Mohamed Bah, an accomplished fashion designer, fled his strife-torn native Sierra Leone for neighboring Nigeria in 1980, leaving his family behind, soon after qualifying for the Diploma in Fashion Designing from a government technical college. Prior to the successful completion his studies, he had lost both parents in fatal rod traffic accident at the age of 16. It was this catastrophe that compelled Bah to take this route as he had become the surviving members of the family breadwinner.
Bah said that he chose Nigeria as a host country where he could pursue his professional career as fashion designer because it was relatively peaceful at that time and nearer home.

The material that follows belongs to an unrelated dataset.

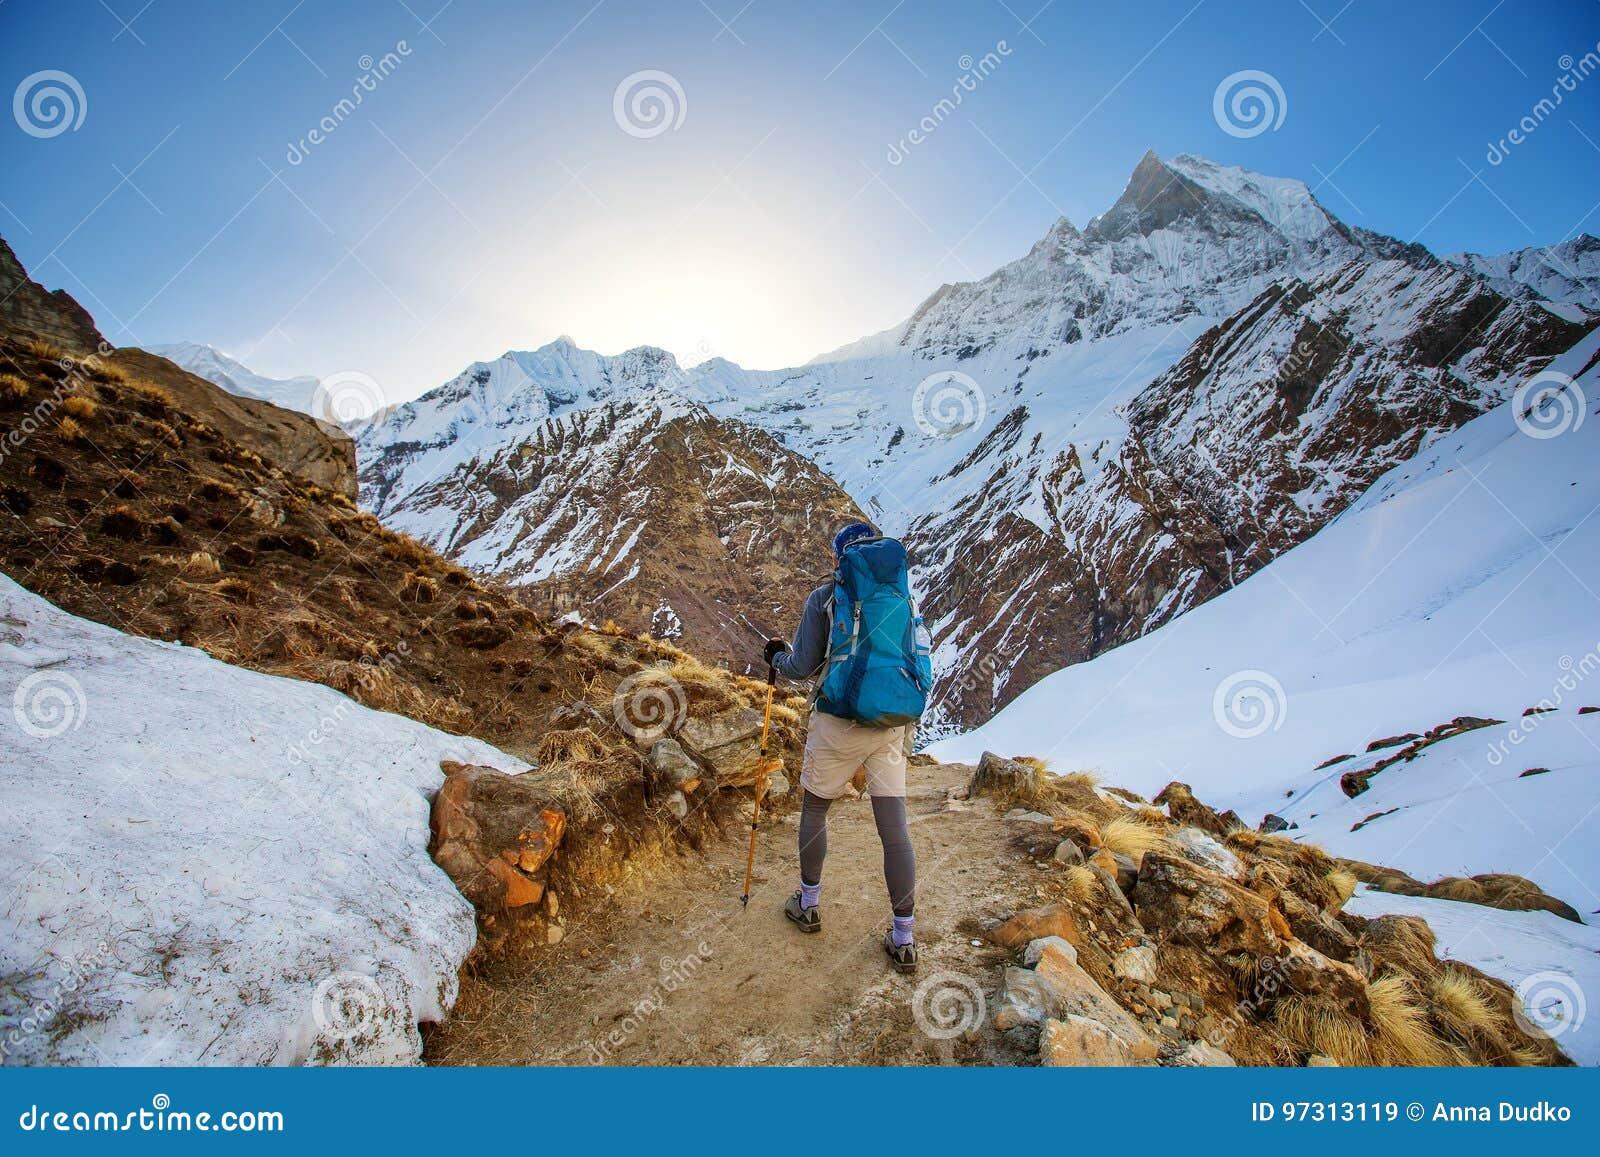 Hiker on the trek in Himalayas, Annapurna valley

Because of what he had gone through in Sierra Leone, little did Bah know that less than two decades away, in 1997, he would find solace in Botswana to pursue his fashion designer career more vividly.
He revealed that cloth has been his passion since a very early age as fashion designing had been a family tradition handed from generation to generation. Bah, who considers fashion designing as a chore business area, explained, "most of my regular customers are reliable because they pay their bills at the time that they collect their orders. I have customers as far afield as Maun, Francistown and Lobatse. At the moment South Africa is our biggest export market and they buy all types of designer fashions ranging from African to Western attire. There is a niche market for customers who prefer imported material that ensure I have sufficient African material stock in order to meet demand.
"One has to do what is humanely possible to retain a regular clientele who will comprise a repeat business base to sustain the business before embarking onto ambitious projects to increase market share."
Bah, however, explained that "there is also scope to do the best in one's business to enhance curiosity sales for customers who make purchases for the first time. Once these are satisfied with the quality and design of the attire, they will also join the regular customer base. The location of the business less than a kilometer from the Mall Mail and on the eastern verge of White City suburb gives it a competitive edge in volume sales."